Garrett : "Sur le plan stratégique, nous avons trois axes majeurs"

Publié le 3 janvier 2019

Par Gredy Raffin
11 min de lecture
L'équipementier spécialiste des turbocompresseurs a de multiples challenges à relever. Devenu indépendant en octobre 2018, le groupe va pouvoir accélérer sur tous les chantiers ouverts, dont le turbo du futur et la connectivité. Entretien avec Eric Fraysse, le vice-président Global Aftermarket.

 

Indépendant de Honeywell depuis l'automne dernier, le groupe Garrett entame une nouvelle ère de son histoire, sur un marché du turbocompresseur dont la courbe de croissance laisse présager de belles années à venir. Ce qui ne l'empêche pas de s'ouvrir à des métiers qui lui sont pratiquement inconnus, tels que ceux liés à la connectivité, qui l'amèneront à exposer au CES 2019. Eric Fraysse, le vice-président Global Aftermarket, a accordé au Journal de l'Automobile le tout premier entretien depuis ce changement capitalistique.

 

 

Garrett a quitté le giron d'Honeywell au 1er octobre 2018. Dans quel contexte s'est réalisée la manœuvre ?

Eric Fraysse. Le groupe Honeywell souhaitait réorganiser ses activités. Il a diminué le nombre de métiers couverts pour être de fait plus efficace. Quelques divisions comme la nôtre en ont profité. Dans les faits, Garrett fonctionnait déjà en toute autonomie, mais cette indépendance acquise nous permettra de poursuivre notre stratégie de développement avec une plus grande vitesse d'exécution.

 

Comment se structure désormais Garrett sur le plan des RH ?

EF. L'organisation n'a pas évolué. La sortie du groupe Honeywell avait été préparée depuis le premier trimestre. Nous avons recruté des compétences, principalement autour de grandes fonctions, telles que les ressources humaines, la finance et l'informatique, soit des tâches qui étaient en partie centralisées auparavant à l'échelle du groupe. 

 

Le CA en 2017 était de 3,1 milliards de dollars.

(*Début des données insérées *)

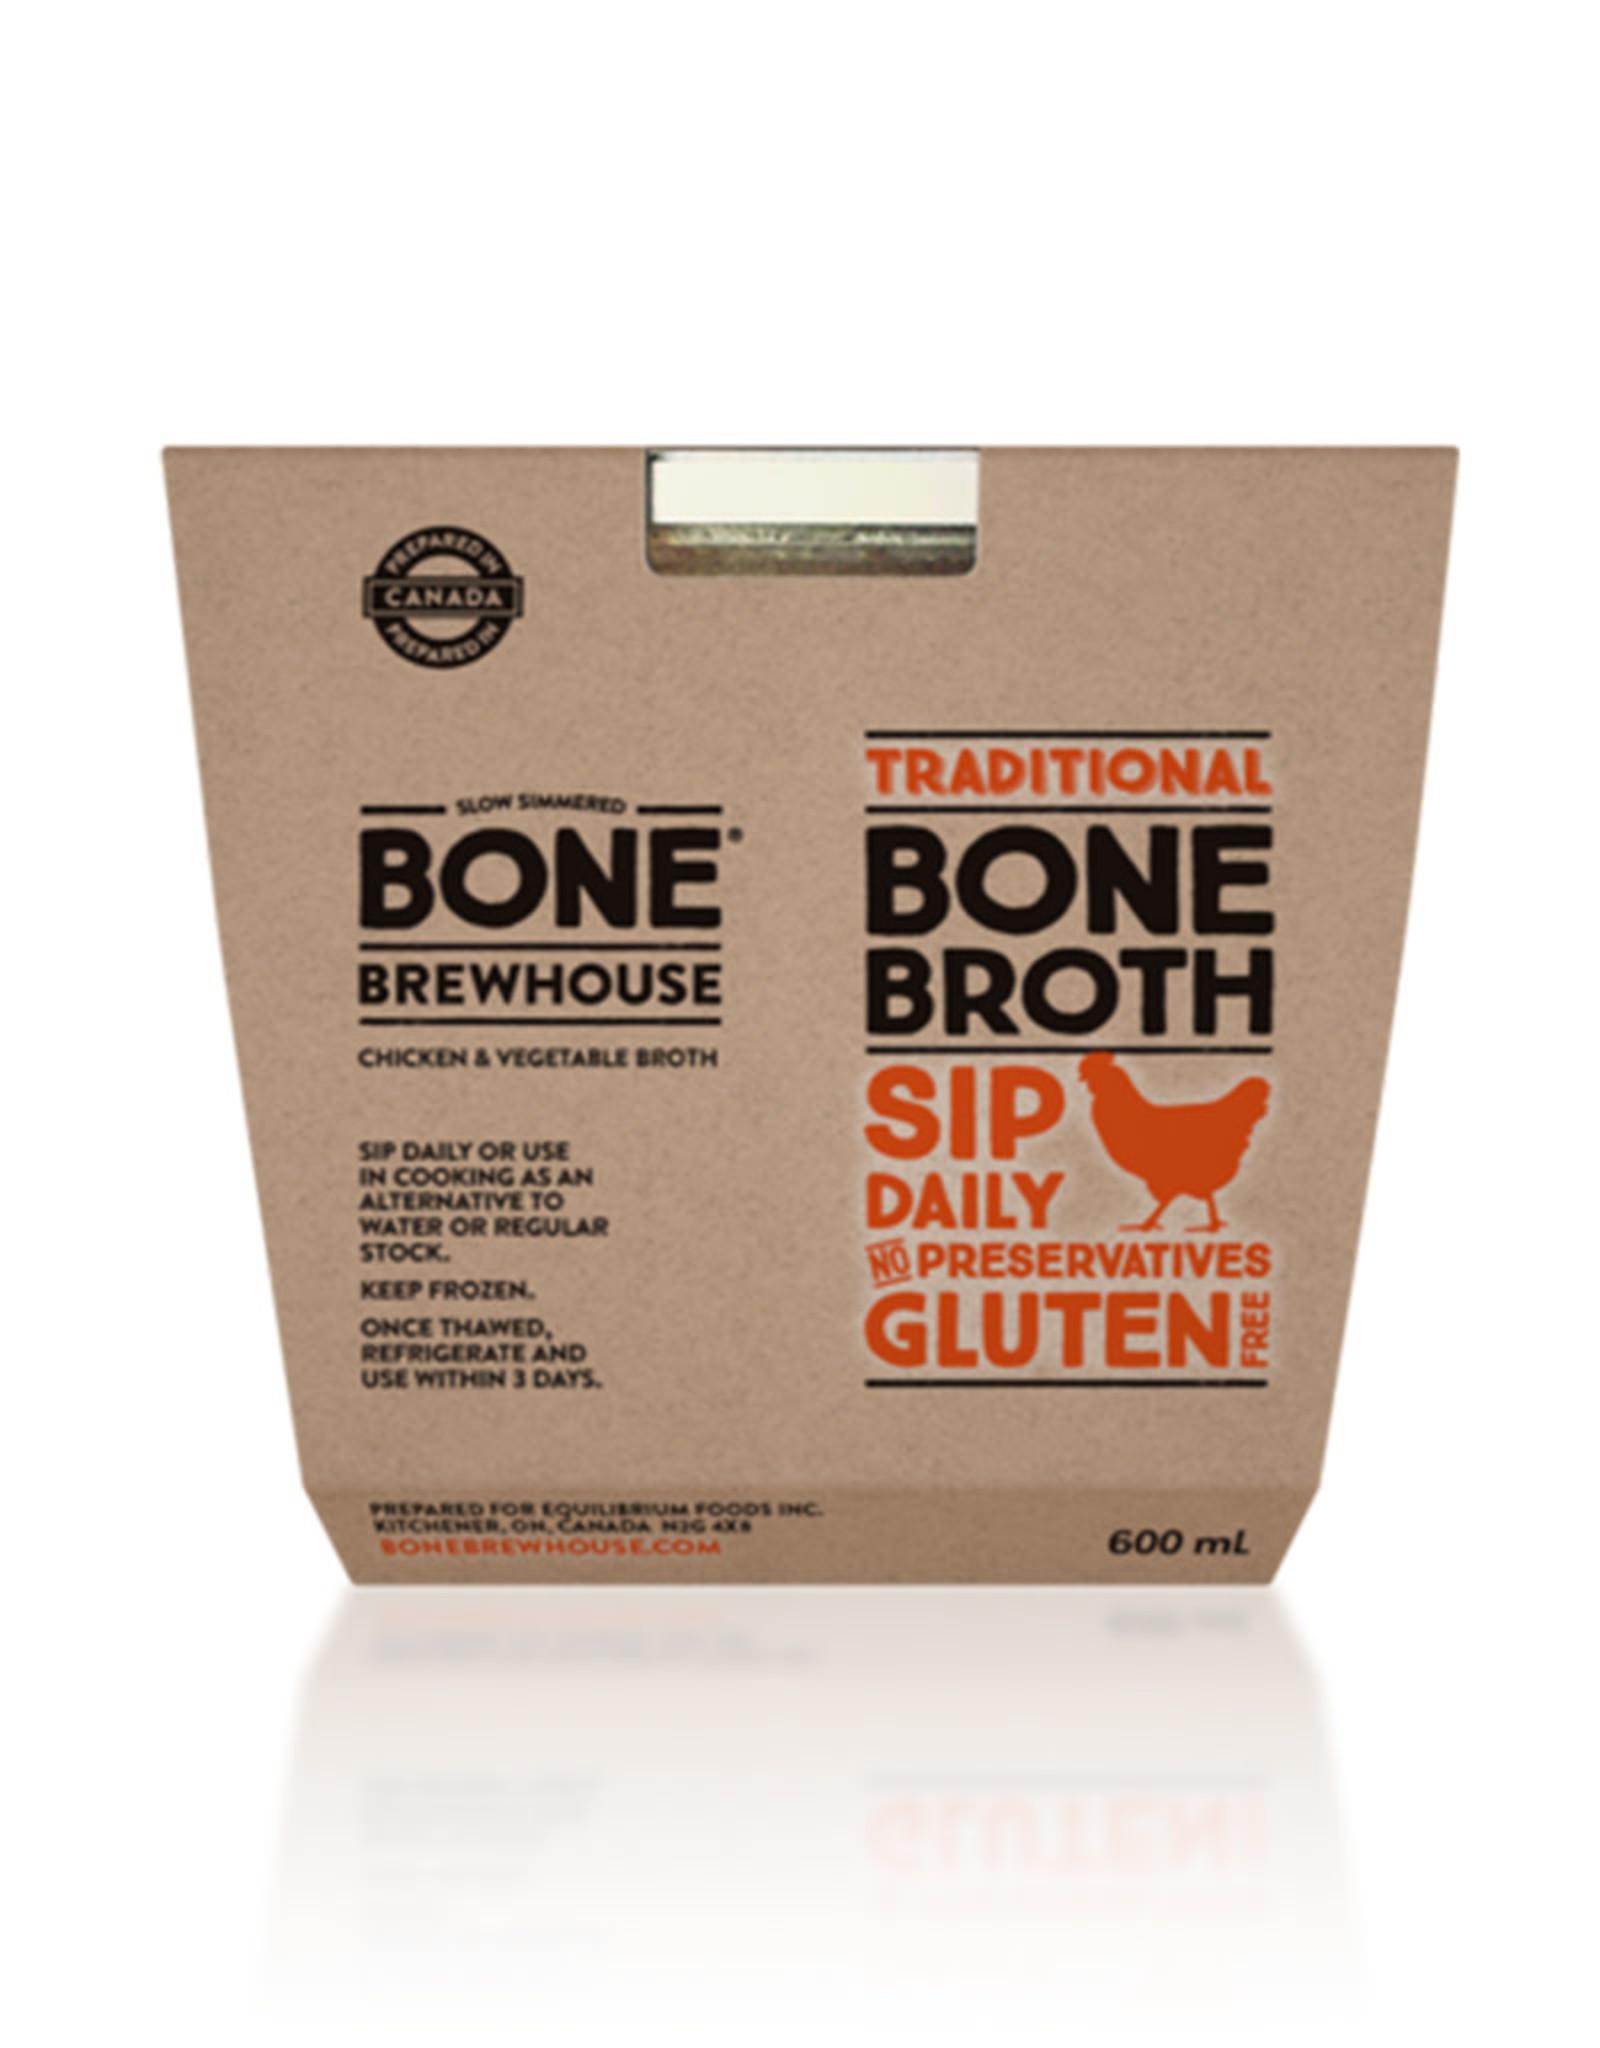 Bone Brewhouse Bone Brewhouse - Bone Broth, Chicken & Vegetable

Quelles sont les ambitions de votre plan de développement ?

EF. Sur la première moitié de 2018, nous avons enregistré une croissance de 7 % et notre premier trimestre en tant que société indépendante, soit le 3e trimestre 2018, nous laisse penser que nous allons achever l'exercice en progression de 5 à 6 %, par rapport à l'an passé, hors effet de taux de change. Ce résultat sera au-dessus de la moyenne industrielle. La performance est à mettre au crédit du segment des turbos pour les moteurs essence. Cette activité profite d'une forte demande, en Europe, en Chine, aux Etats-Unis et au Japon, mais également de la concrétisation de projets signés l'an passé. Par conséquent, elle croît de 5 % et pèse 27 % de notre chiffre d'affaires global, à la fin du troisième trimestre. Dans une autre mesure, nous pouvons souligner la bonne tenue de notre activité sur les véhicules commerciaux, qui a tenu ses promesses.

 

En chiffres, quel est l'équilibre entre les régions du monde ?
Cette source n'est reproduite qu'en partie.